Address PR #392 R5 review (3 P3, all non-blocking)

igerber · claude · igerber · commit eb27bf5914e9 · 2026-04-26T10:23:48.000-04:00
R5 was ✅ Looks good — only P3 polish remained. All addressed: P3 #1 — exact-pin nprobust: The parity contract runs through nprobust numerical paths (DIDHAD's local-linear bandwidth + bias-correction calls), so a fresh regeneration could drift if CRAN serves a newer nprobust. Pin nprobust == 0.5.0 in both the R generator's stopifnot guard and the parity test's metadata assertion alongside DIDHAD and YatchewTest. P3 #2 — workflow docstring: did_had_pretest_workflow's top-level docstring still said "Eq 18 linear-trend detrending is a Phase 4 follow-up" which contradicts the shipped trends_lin behavior. Updated to describe the forwarding contract (trends_lin → joint_pretrends_test + joint_homogeneity_test, consumed-placebo skip path on minimal panels). Same fix on the StuteJointResult class docstring. P3 #3 — parity test horizon-shape assertions: Added an explicit "missing in Python" assertion in _zip_r_python: every R-mapped event time must be present in Python's event_times (catches future horizon-shape regressions where Python silently drops a horizon R requested). Added an effects+placebo row-count sanity check in test_yatchew_t_stat_parity (uses the previously- unused effects/placebo parametrize values to catch fixture drift). Stats: 540 tests pass, 0 regressions. No estimator/methodology changes — all P3 polish. Co-Authored-By: Claude Opus 4.7 (1M context) <noreply@anthropic.com>
diff --git a/benchmarks/R/generate_did_had_golden.R b/benchmarks/R/generate_did_had_golden.R
@@ -25,13 +25,16 @@ library(jsonlite)
 library(DIDHAD)
 library(YatchewTest)
 
-# PR #392 R4 P3: pin exact upstream versions so future regeneration
-# does not silently re-anchor the goldens to a newer CRAN release
-# while CHANGELOG / REGISTRY / parity test still cite v2.0.0 / SHA
-# `edc09197`. Bump these pins (here AND in the parity test's
-# `test_metadata_versions_match`) when intentionally re-anchoring.

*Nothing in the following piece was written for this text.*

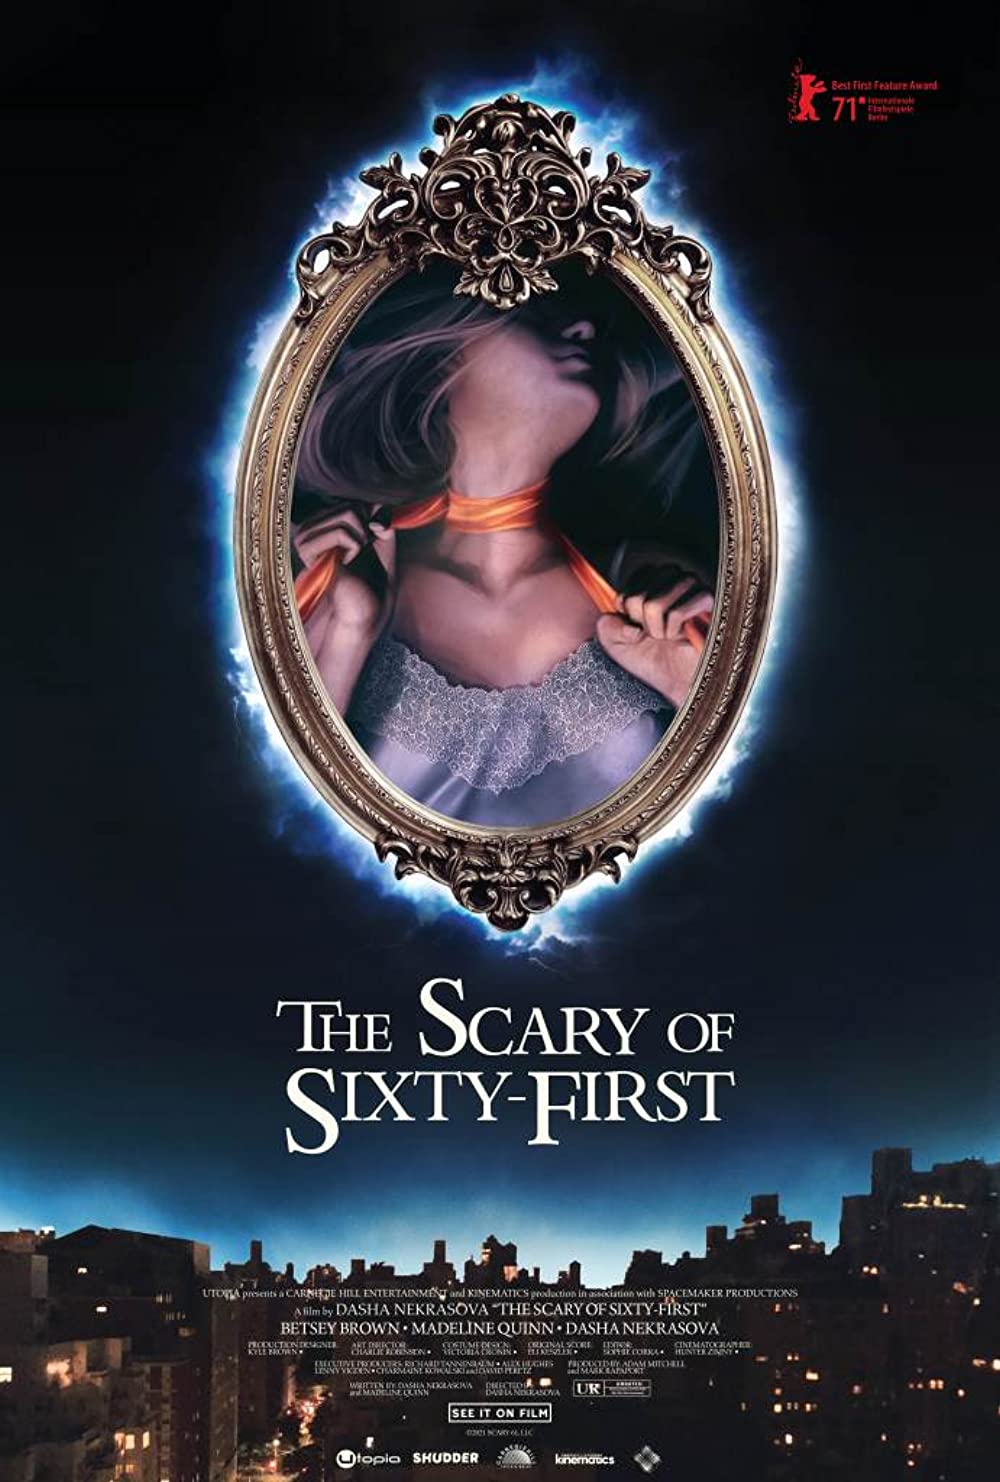 18+ The Scary of Sixty First 2021 English Full Movie 1080p HDRip 1.45GB Download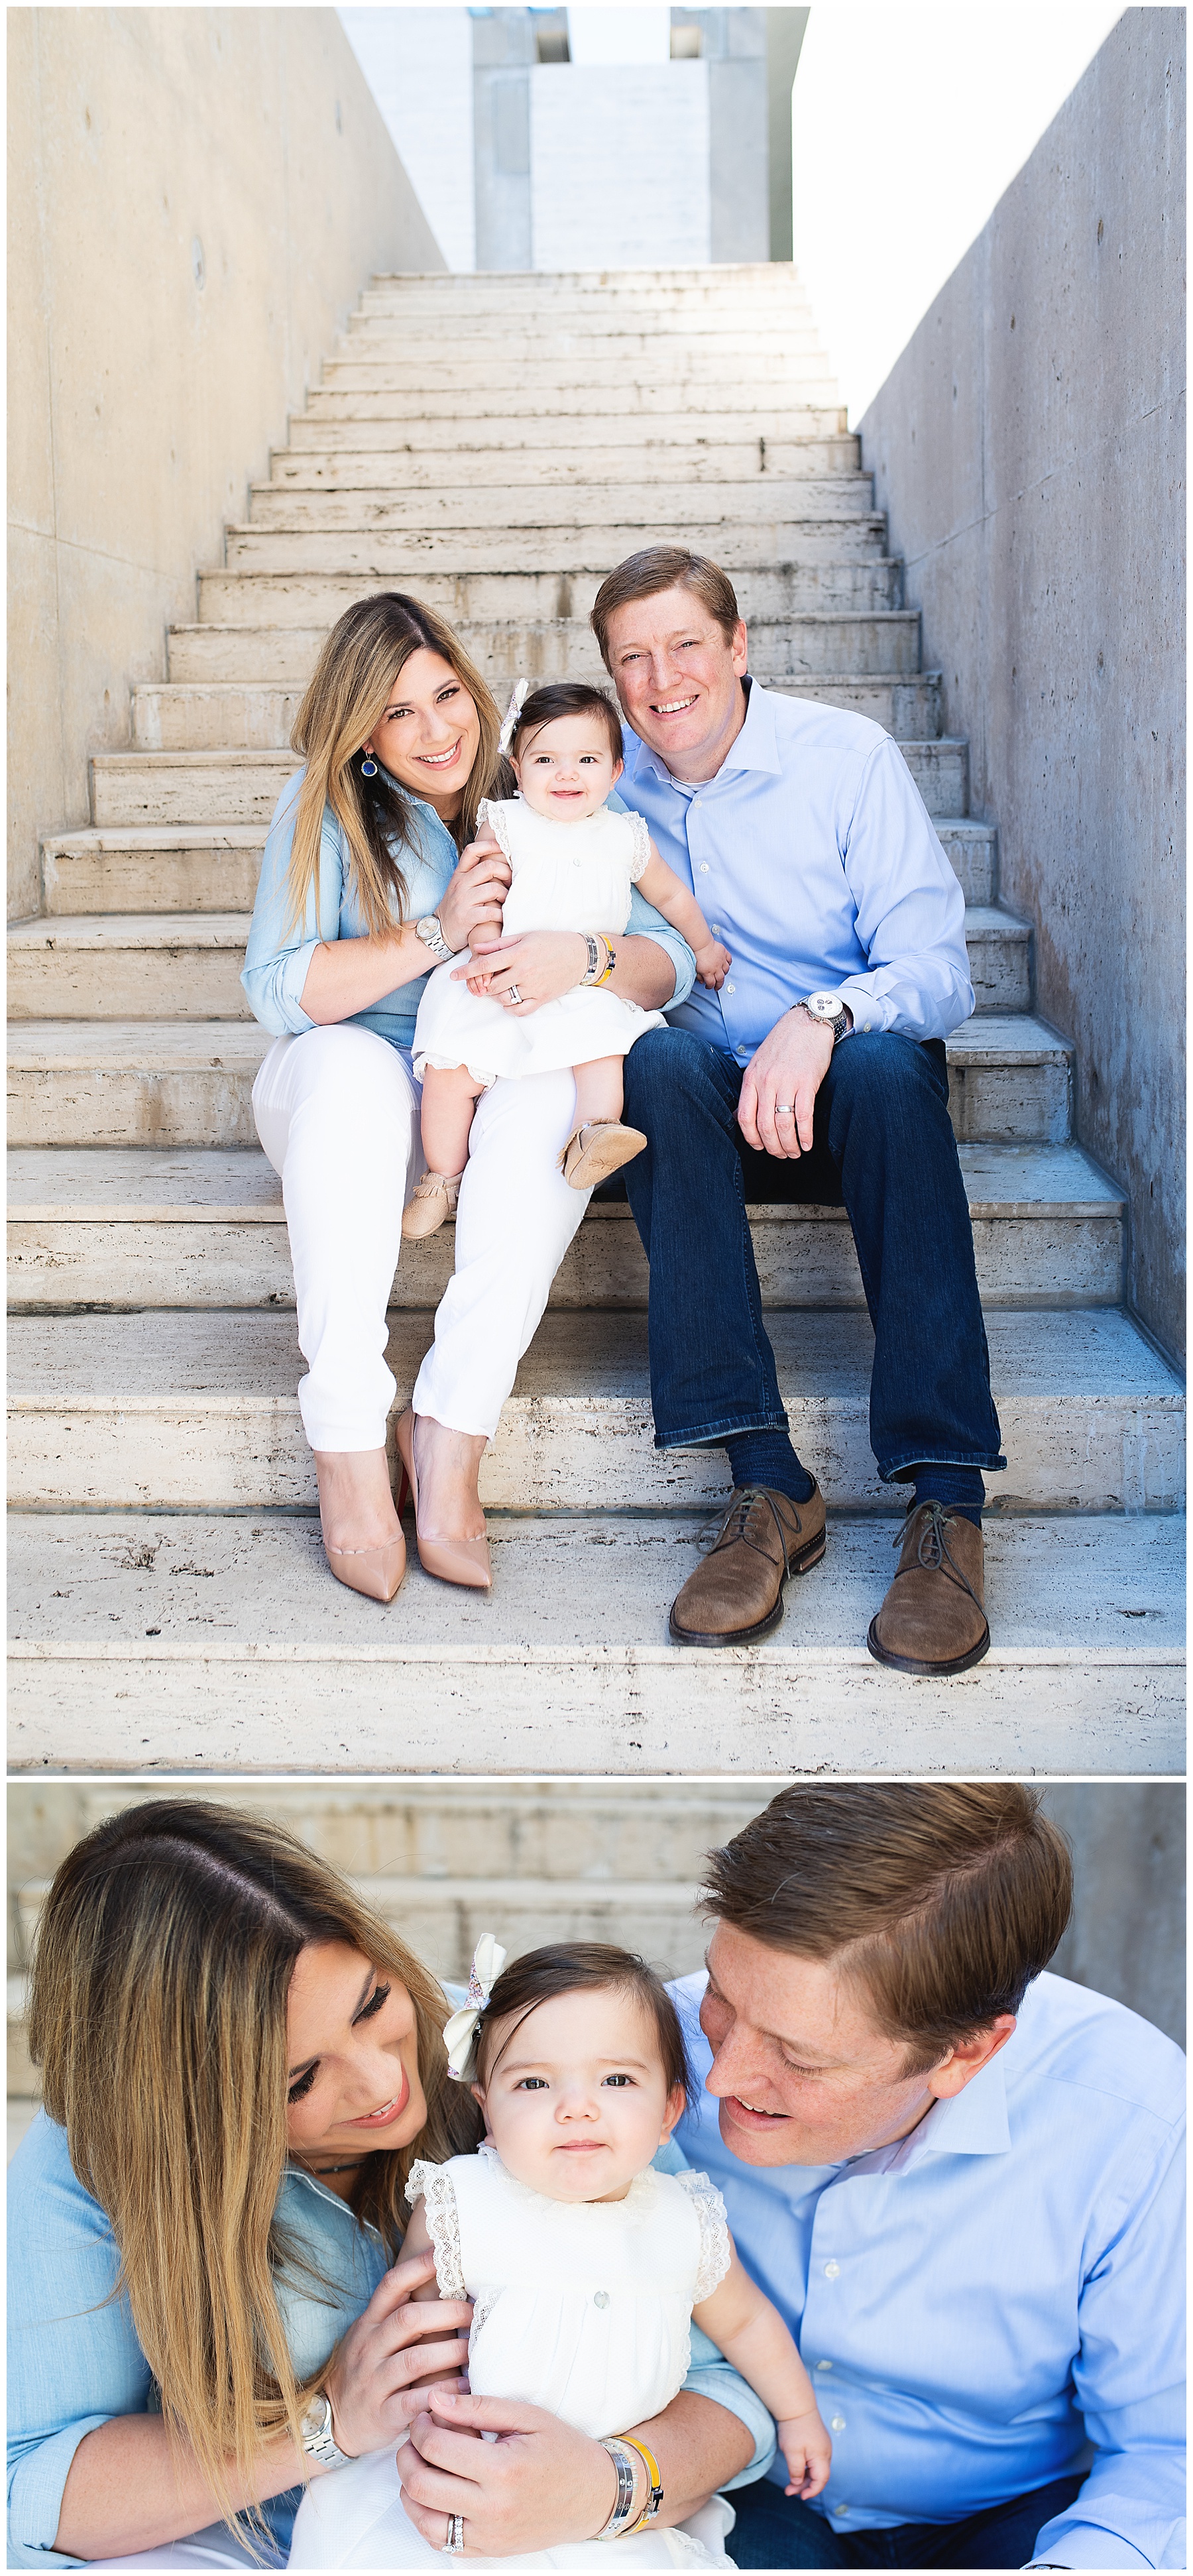 mom, dad, and baby girl sitting on steps smiling

+# PR #392 R4 P3 / R5 P3: pin exact upstream versions so future
+# regeneration does not silently re-anchor the goldens to a newer
+# CRAN release while CHANGELOG / REGISTRY / parity test still cite
+# v2.0.0 / SHA `edc09197`. The parity contract runs through
+# `nprobust` numerical paths so we pin it too. Bump these pins
+# (here AND in the parity test's `test_metadata_versions_match`)
+# when intentionally re-anchoring.
 stopifnot(packageVersion("DIDHAD") == "2.0.0")
 stopifnot(packageVersion("YatchewTest") == "1.1.1")
+stopifnot(packageVersion("nprobust") == "0.5.0")
 
 # -------------------------------------------------------------------------
 # Panel builder: 5-period panel with F=4 (treatment onset at t=4).
diff --git a/diff_diff/had_pretests.py b/diff_diff/had_pretests.py
@@ -433,8 +433,10 @@ class StuteJointResult:
     :func:`joint_pretrends_test` (mean-independence: ``E[Y_t - Y_base | D]
     = mu_t``, design matrix ``[1]``) and :func:`joint_homogeneity_test`
     (linearity: ``E[Y_t - Y_base | D_t] = beta_{0,t} + beta_{fe,t} * D``,
-    design matrix ``[1, D]``). Eq 18 linear-trend detrending (paper
-    Section 5.2 Pierce-Schott application) is a Phase 4 follow-up.
+    design matrix ``[1, D]``). Both wrappers accept a ``trends_lin:
+    bool = False`` keyword-only flag (PR #392): when ``True``, applies
+    paper Eq 17 / Eq 18 linear-trend detrending before the joint CvM
+    using per-group slope ``Y[g, F-1] - Y[g, F-2]``.
 
     Attributes
     ----------
@@ -4322,9 +4324,17 @@ def did_had_pretest_workflow(
     users who need Yatchew robustness under multi-period data should
     call :func:`yatchew_hr_test` on each (base, post) pair manually.
 
-    Eq 18 linear-trend detrending (paper Section 5.2 Pierce-Schott
-    application) is a Phase 4 follow-up; the event-study path here
-    implements the simpler mean-independence / linearity nulls.
+    Eq 17 / Eq 18 linear-trend detrending (paper Section 5.2 Pierce-
+    Schott application) is now SHIPPED on the event-study path via
+    the ``trends_lin`` keyword-only parameter (PR #392 / Phase 4
+    R-parity). When ``trends_lin=True``, this workflow forwards the
+    flag to both :func:`joint_pretrends_test` and
+    :func:`joint_homogeneity_test`; the consumed placebo at
+    ``base_period - 1`` is auto-dropped from step 2 and the workflow
+    skips step 2 (``pretrends_joint=None``) if no earlier placebo
+    survives. Mirrors R ``DIDHAD::did_had(..., trends_lin=TRUE)``.
+    Mutually exclusive with ``aggregate="overall"`` (raises
+    ``NotImplementedError``).
 
     Parameters
     ----------
diff --git a/tests/test_did_had_parity.py b/tests/test_did_had_parity.py
@@ -169,22 +169,38 @@ def _zip_r_python(
     r_result: Dict[str, Any], py_result: Any, trends_lin: bool
 ) -> List[Tuple[int, int, str]]:
     """Build (r_row_idx, py_event_idx, r_rowname) tuples zipping R rows
-    to Python event-time positions for parity assertions."""
+    to Python event-time positions for parity assertions.
+
+    PR #392 R5 P3: also asserts the EXACT mapped event-time set is a
+    subset of Python's ``event_times`` and that the mapping is total
+    over R's reported rows (no R row maps to a missing Python
+    horizon). This catches future horizon-shape regressions where
+    Python silently drops an event-time the R fixture lists."""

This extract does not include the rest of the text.